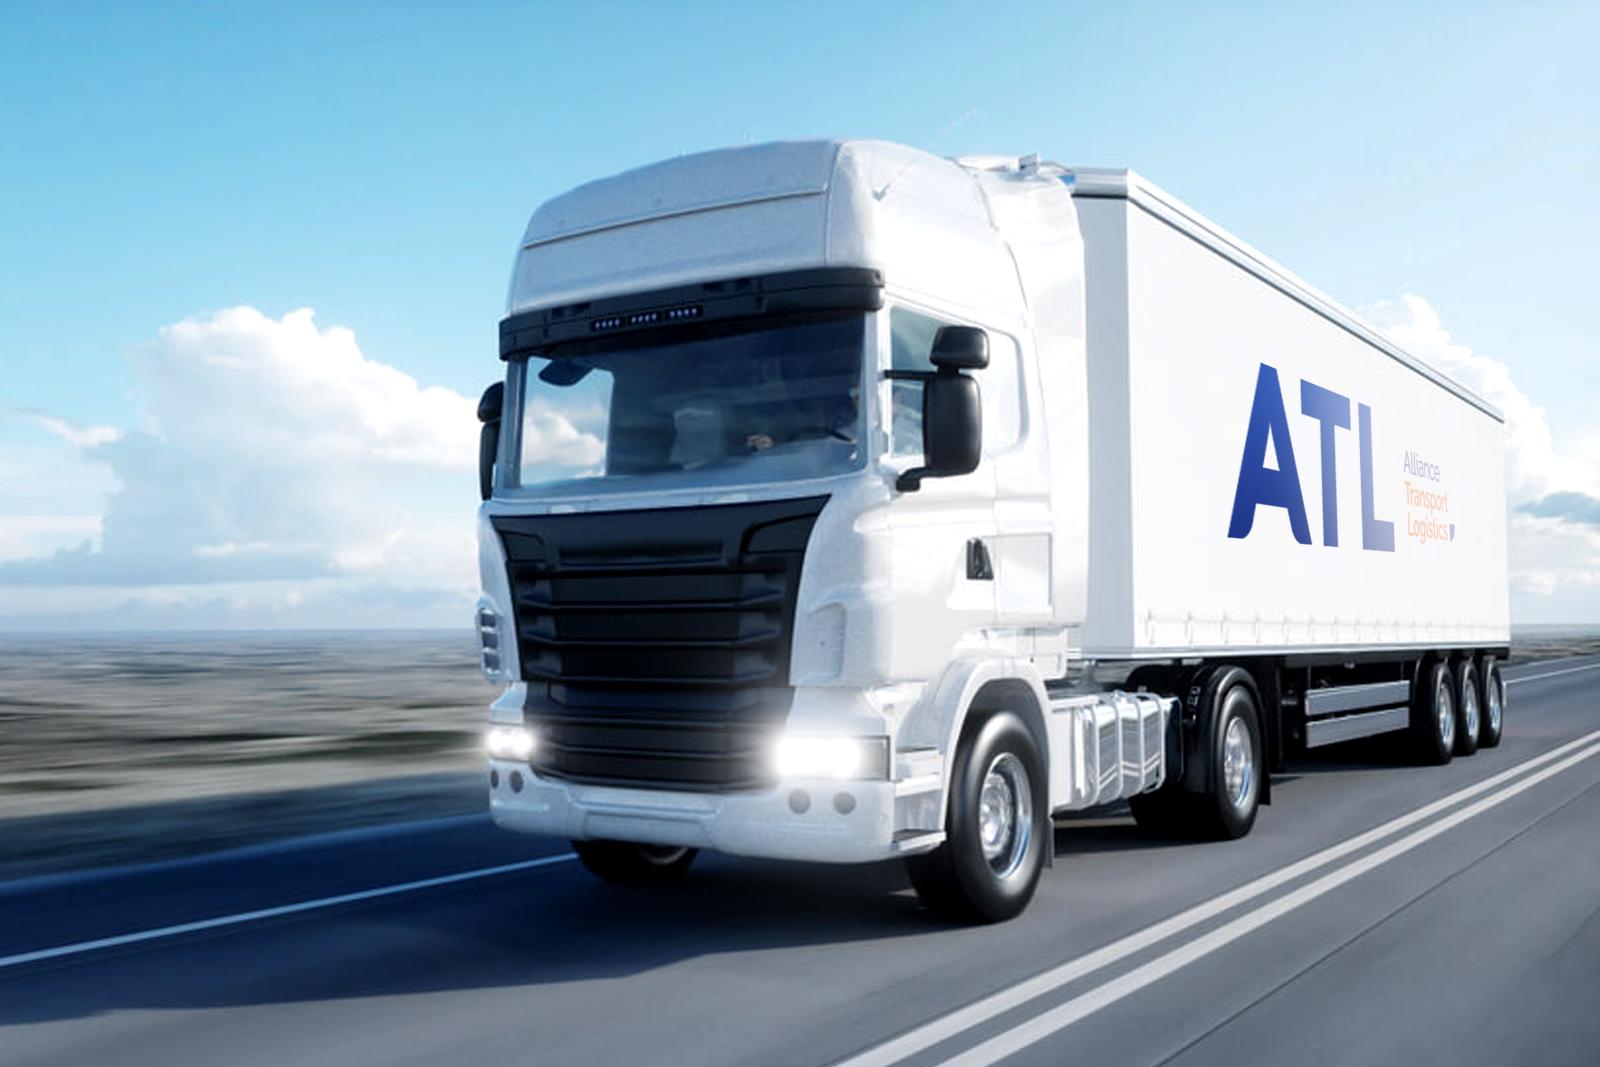 ATL Transporte
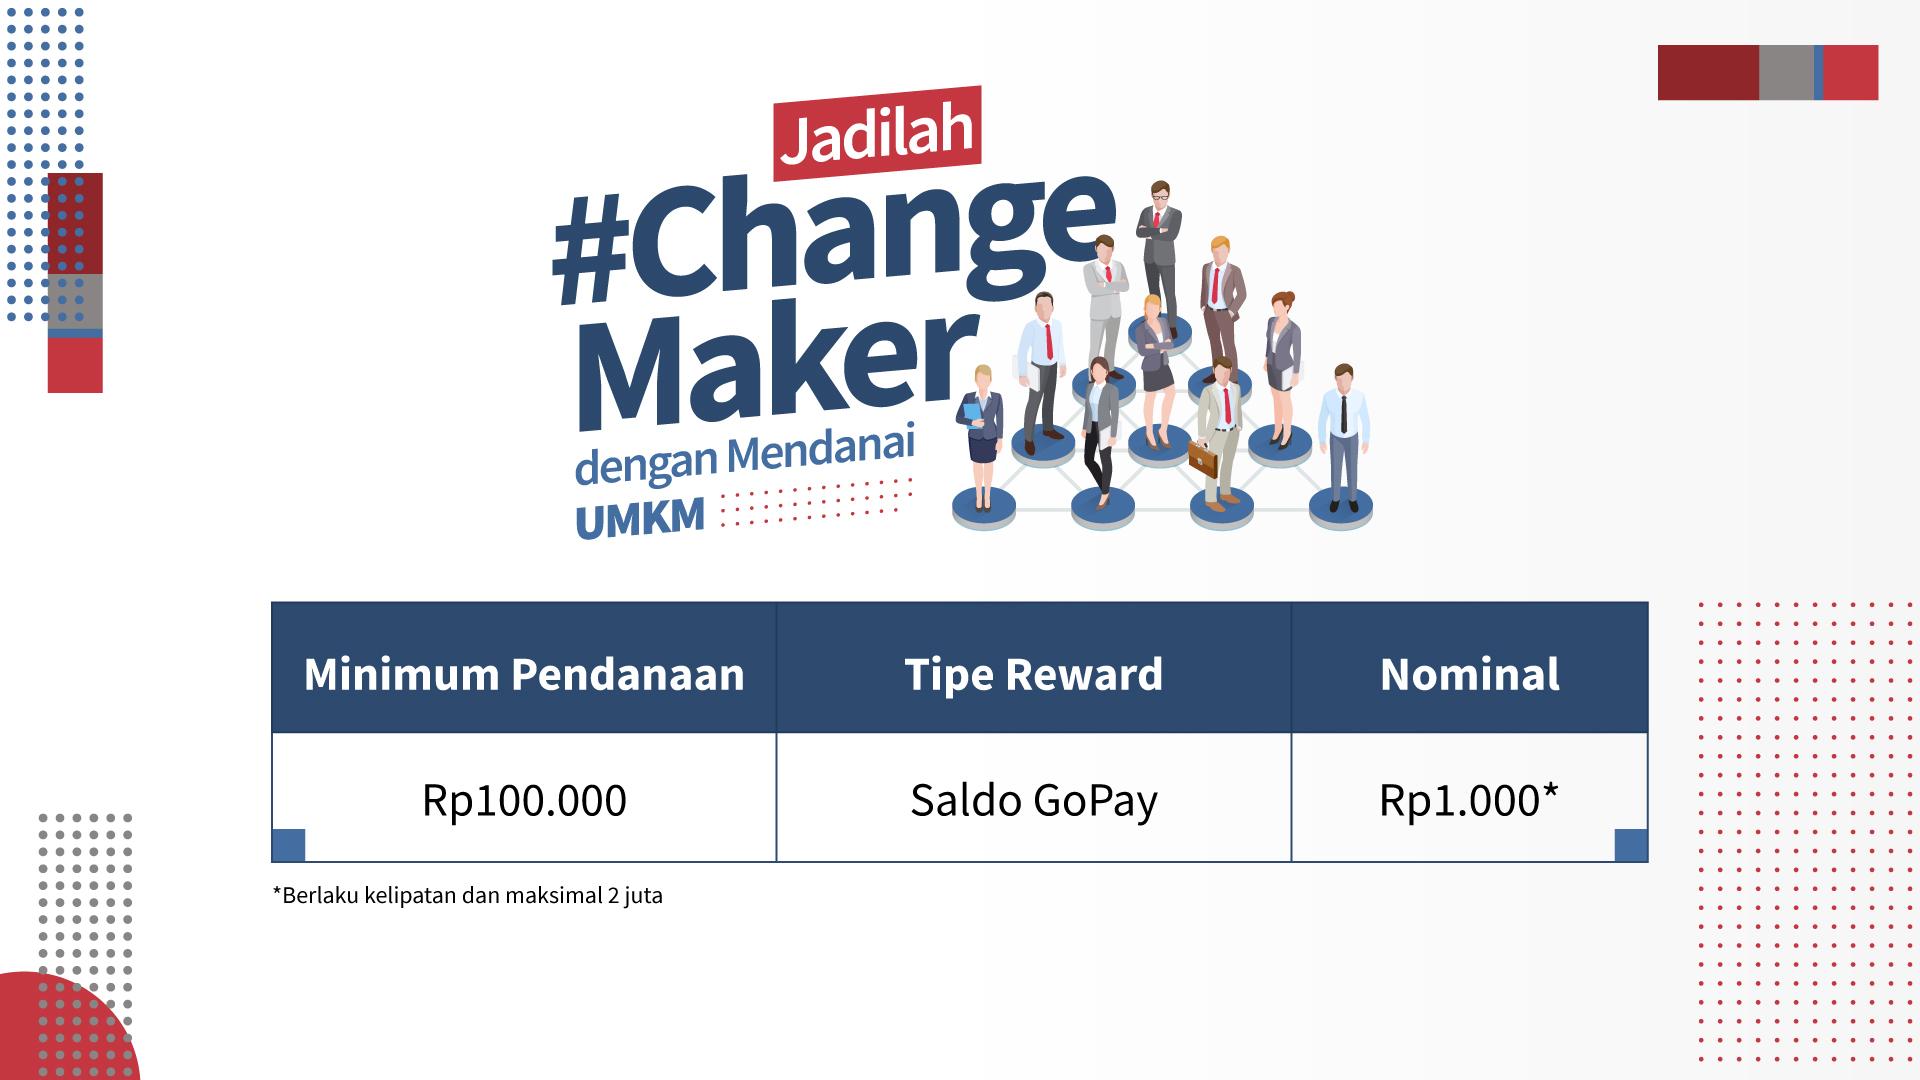 [PROMO] Jadilah #ChangeMaker dengan Mendanai UMKM, Nikmati Cashback-nya!
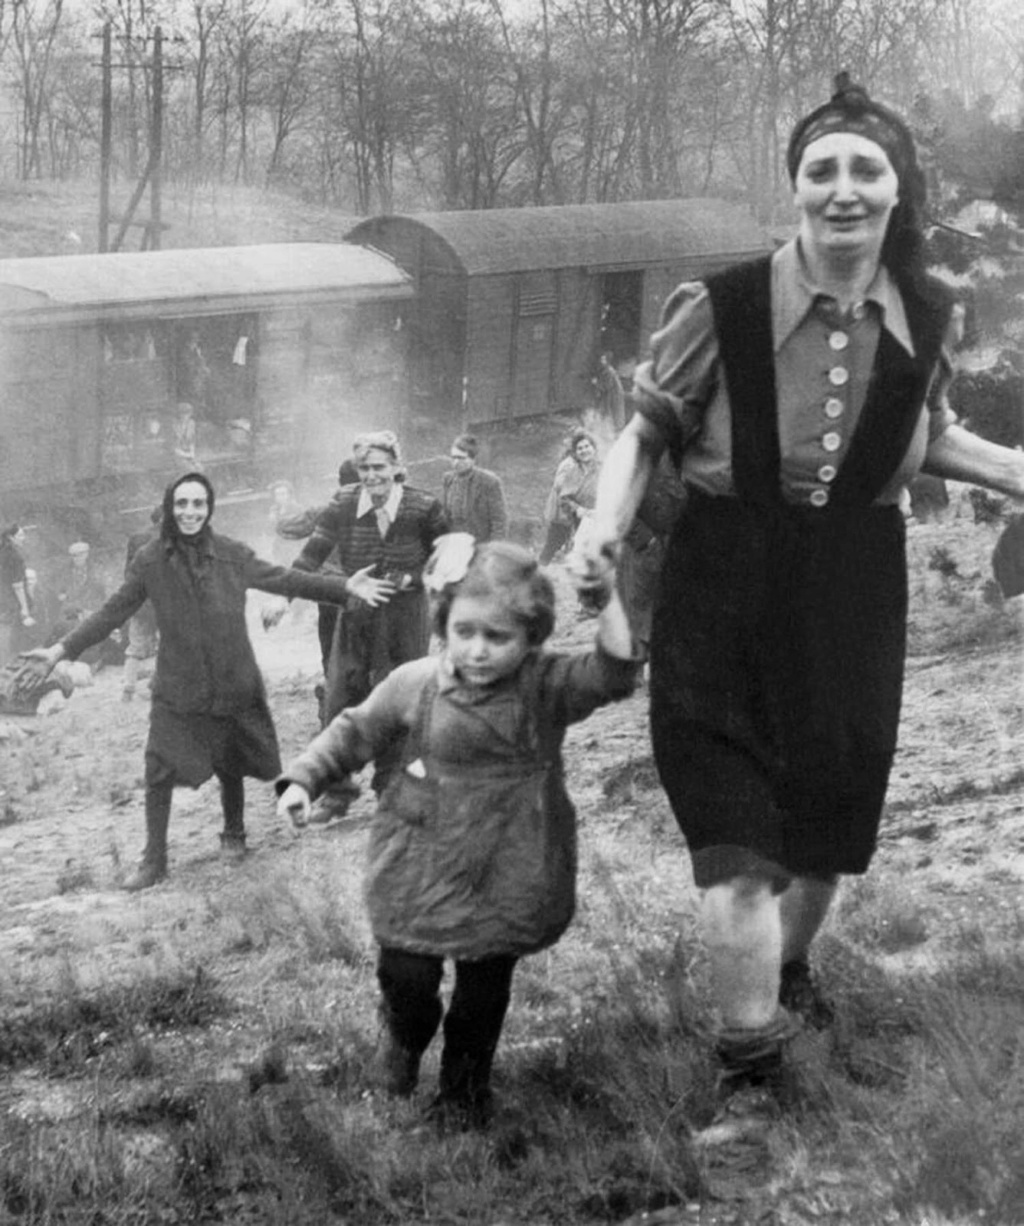 Diverses photos de la WWII - Page 40 94112

## WHAT YOU SHOULD DO
Your answer must be the lines from the one containing "[PROMO] Jadilah #ChangeMaker" through the last line of the listing above, restated word for word, with no pictures.

## REPLY
 [PROMO] Jadilah #ChangeMaker dengan Mendanai UMKM, Nikmati Cashback-nya!
 Diverses photos de la WWII - Page 40 94112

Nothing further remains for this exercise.